I have two streaming applications. One of them (unbounded-source-blackhole-sink) has an unbounded source which lets the application run continuously and never finish. The other one (bounded-source-blackhole-sink) has a bounded source and comes to an end after processing all the input. I would like to automate the coordination of these two deployments so that every X hours:
Note: This section applies to Flink 1.15 with Ververica Platform 2.8.
Previously, in How to Add Scheduling Capabilities to Ververica Platform: Sidecar Container, we have tackled the exact same problem by developing a Node JS application and deployed it as a side car container alongside Ververica Platform. In that article, all the logic to monitor, schedule and trigger the state transitions of Apache Flink deployments for all the steps mentioned above (1-4) were part of a single application. However, this approach is quite naive in the sense that it does not have advanced scheduling capabilities such that having the state for different runs and lacking the templating options as the transition rules were hard coded.

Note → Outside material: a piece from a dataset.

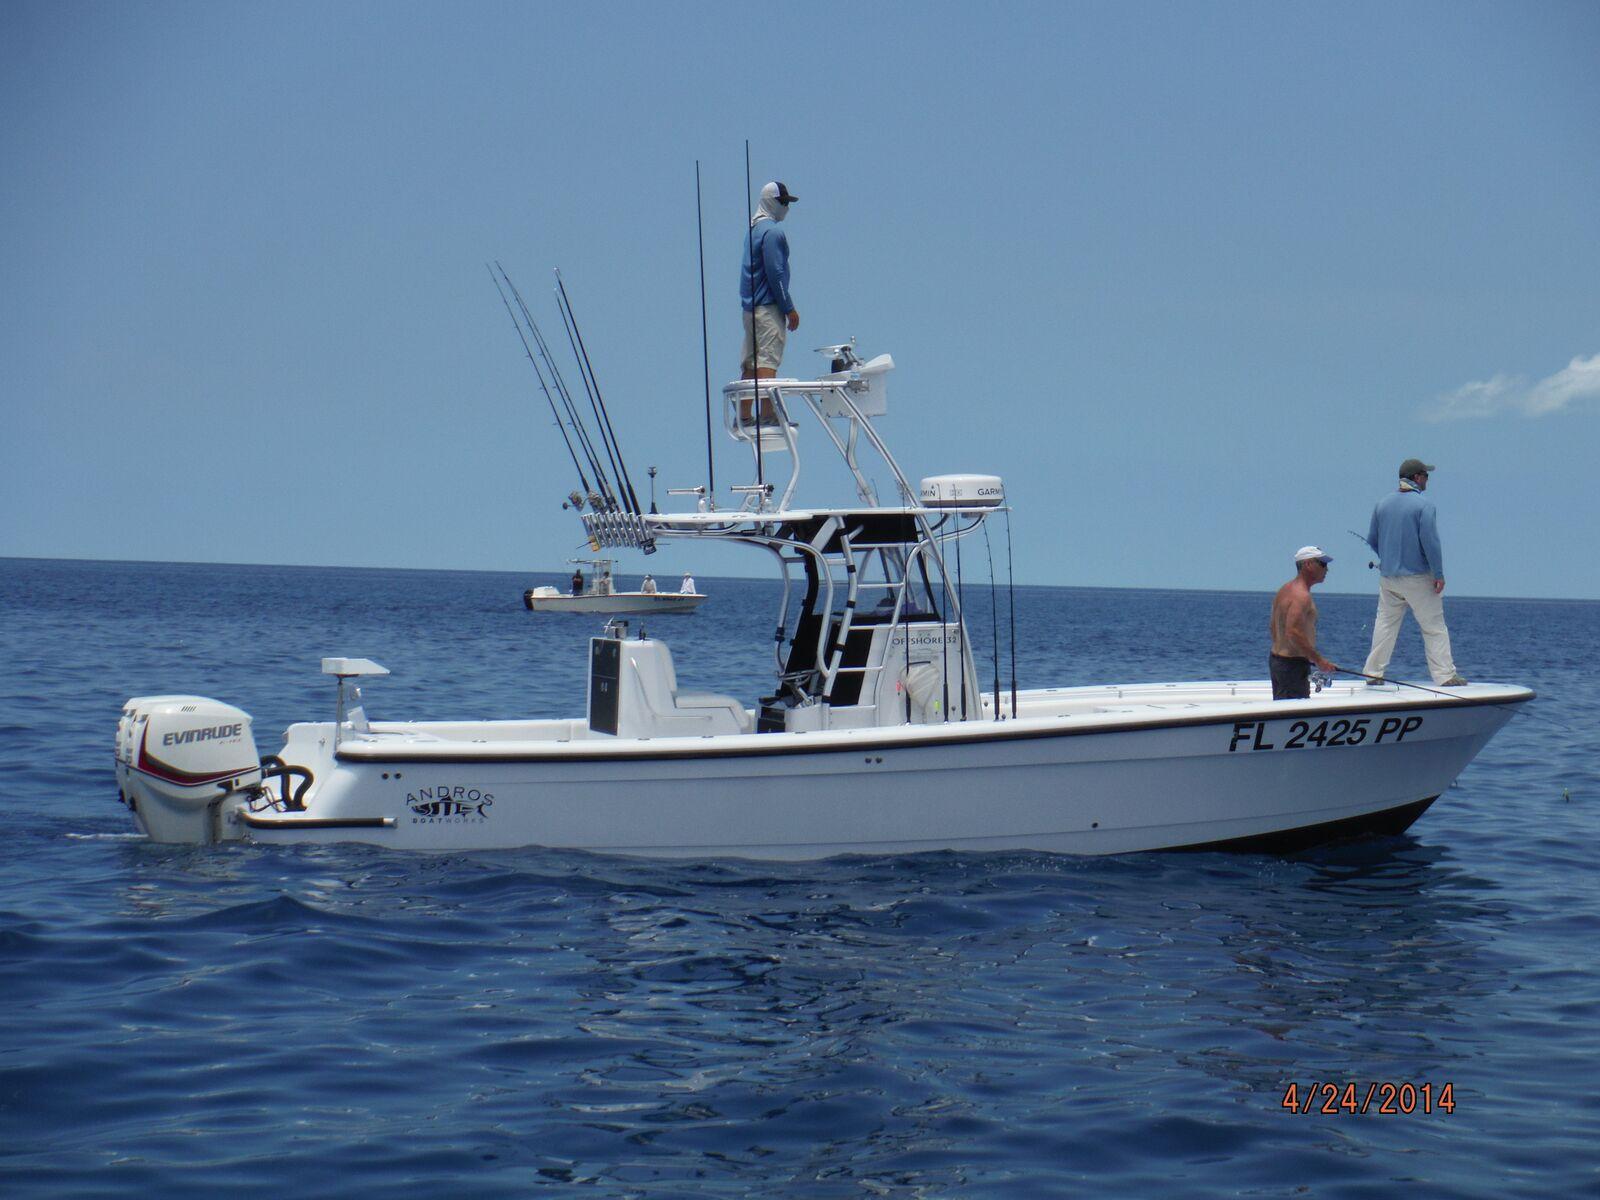 Odyssea odyssea key west sportfishing for Key west fishing boats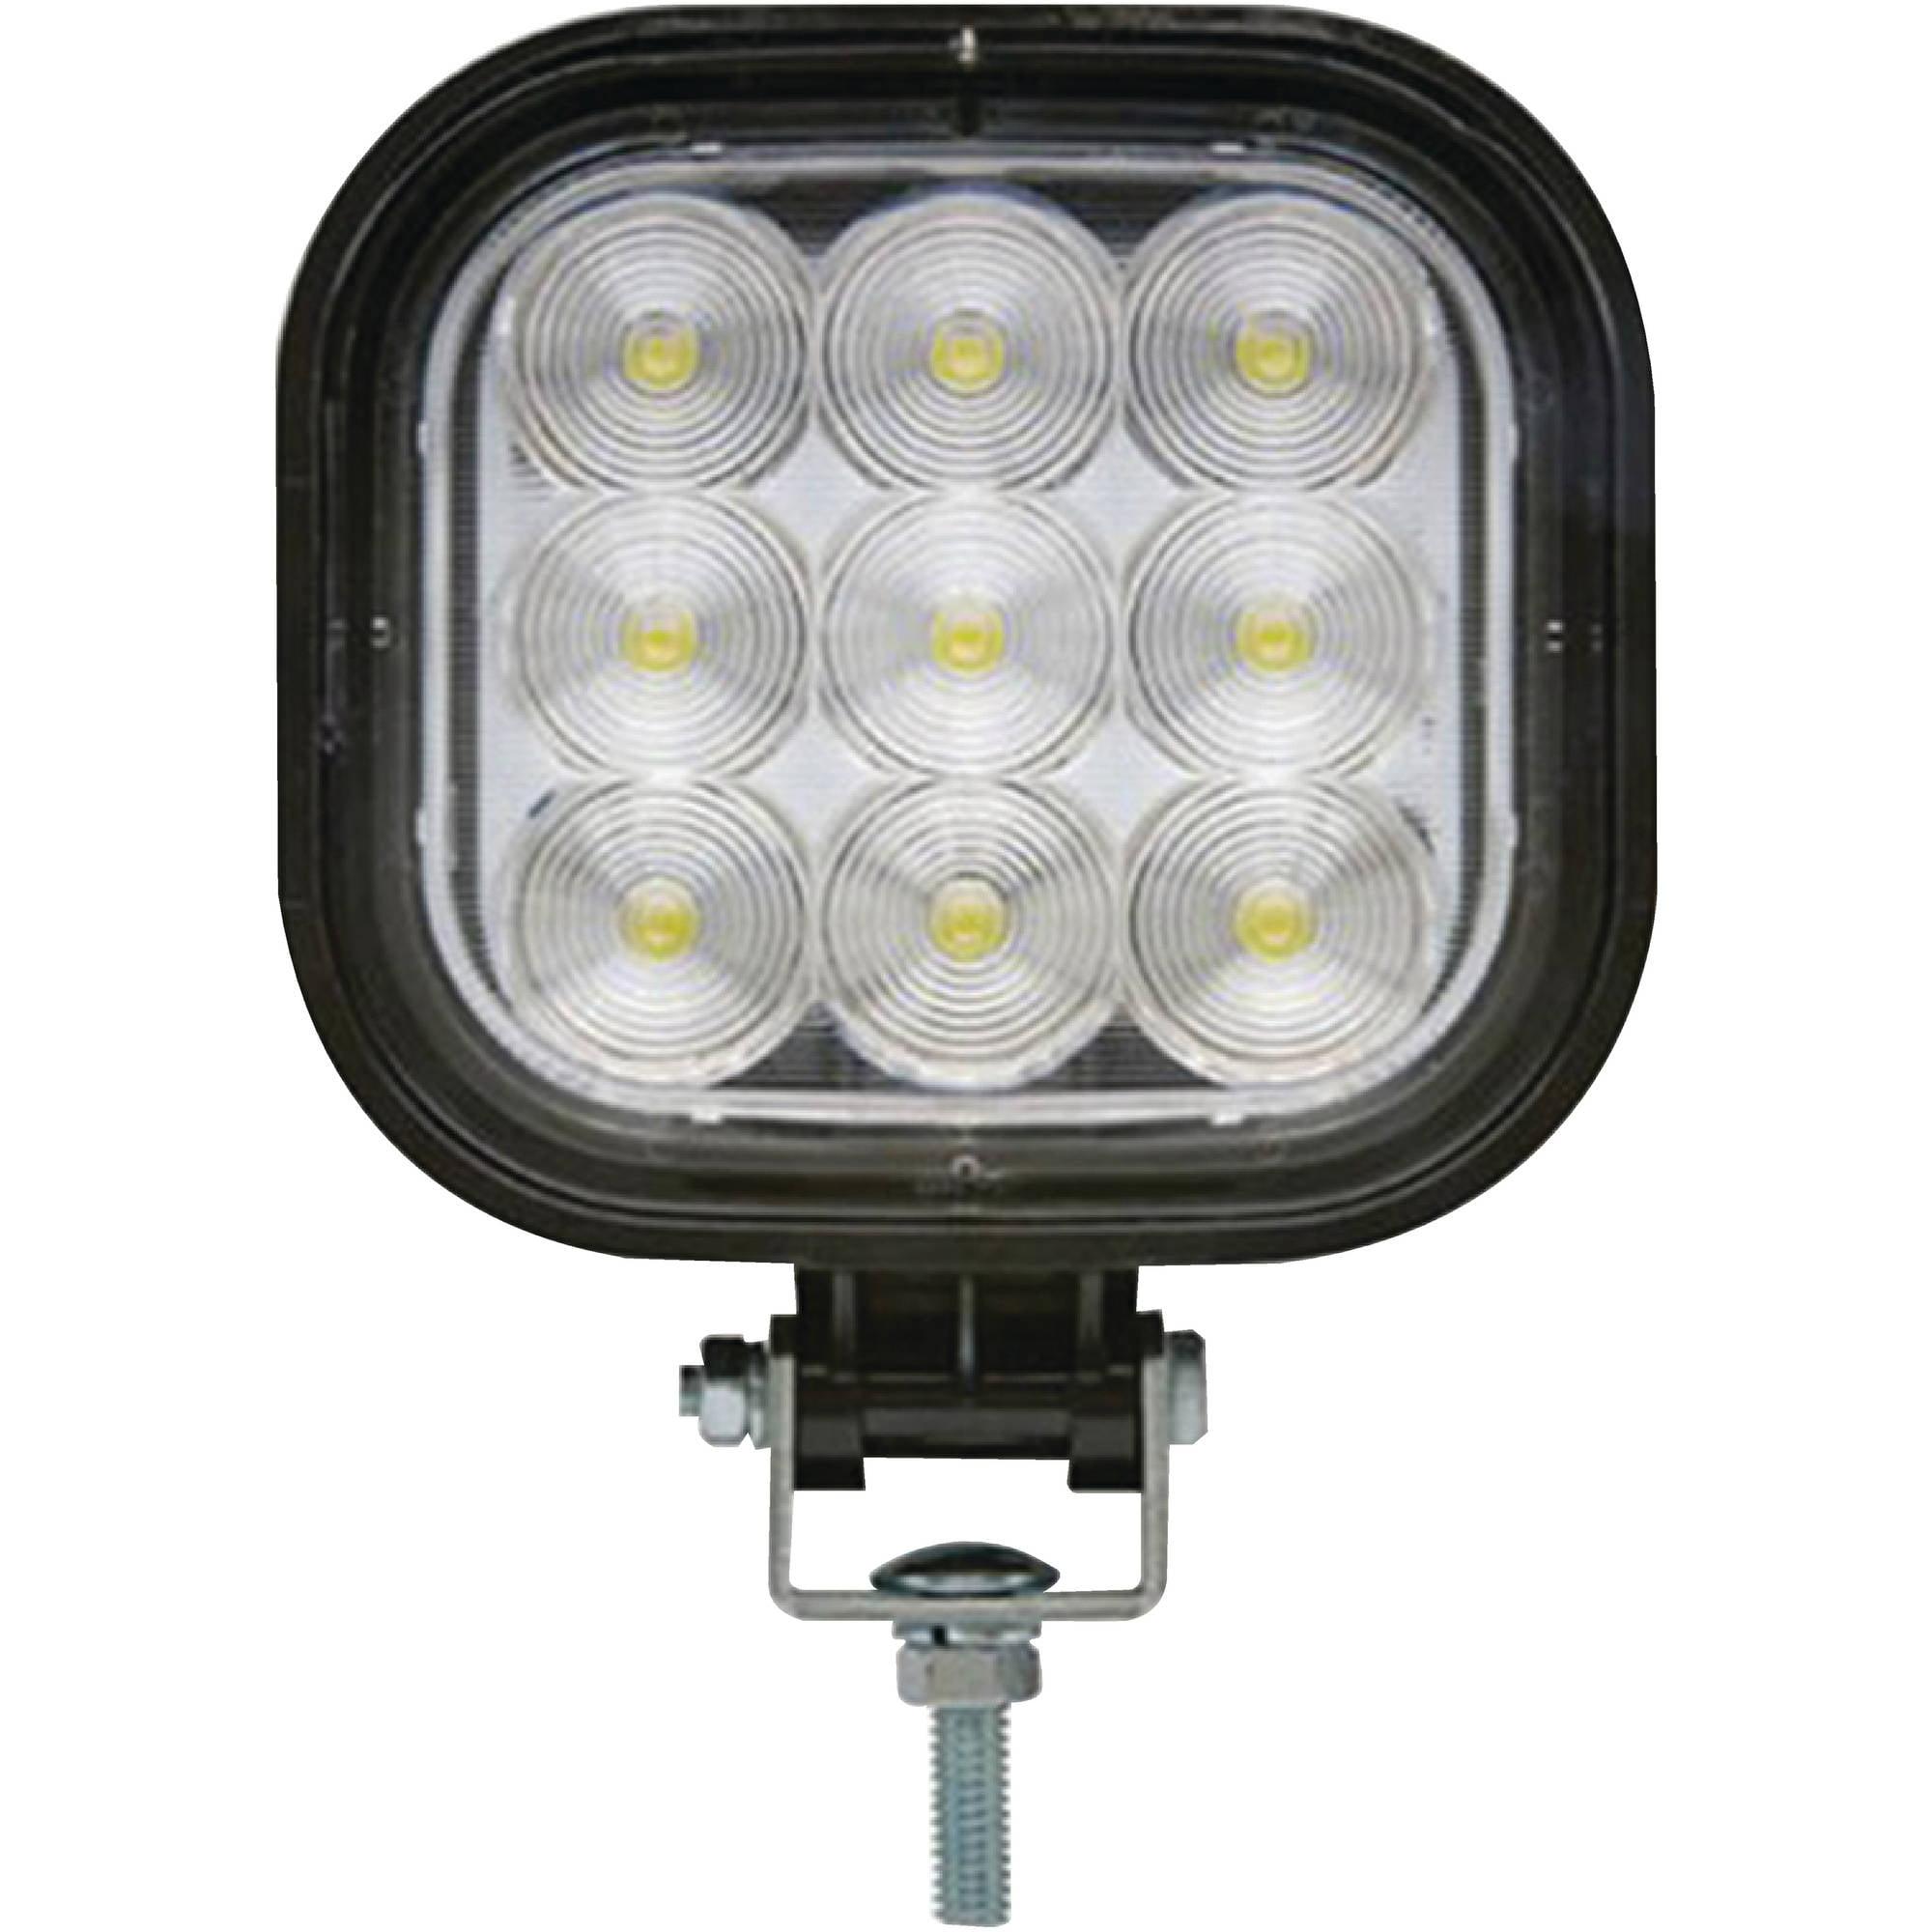 Optronics TLL50FS Opti-Brite Polycarbonate 12V and 24V LED Work Floodlight, IPX9K Rating, 9 Diodes

Apache Airflow is a platform for programmatically authoring, scheduling and monitoring workflows that are designed to be finite batch workflows. It was not built for infinitely running event based workflows and it is not a streaming solution [1]. Therefore it makes a perfect match to combine Ververica Platform forUnified Stream and Batch Processing Workflows with Apache Airflow for the authoring, scheduling and monitoring those workflows.
In this article, we will take the same Node JS application and evolve it so that the logic of the application is only responsible for executing only one step of the transitioning logic we explained above (1-4). Furthermore, we will get the parameters for the transitioning logic from the environment variables so that we can re-use the application for different strategies. The next step is then to use Apache Airflow and create a DAG that defines a separate task for each of the steps (1-4) that depends on each other. For each task, we will use Kubernetes Pod Operator of Apache Airflow that runs our Node JS application.
Note: This setup uses Ververica Platform Namespace named default that comes with the installation. It also assumes that port forwarding is done so that Ververica Platform is accessible via localhost.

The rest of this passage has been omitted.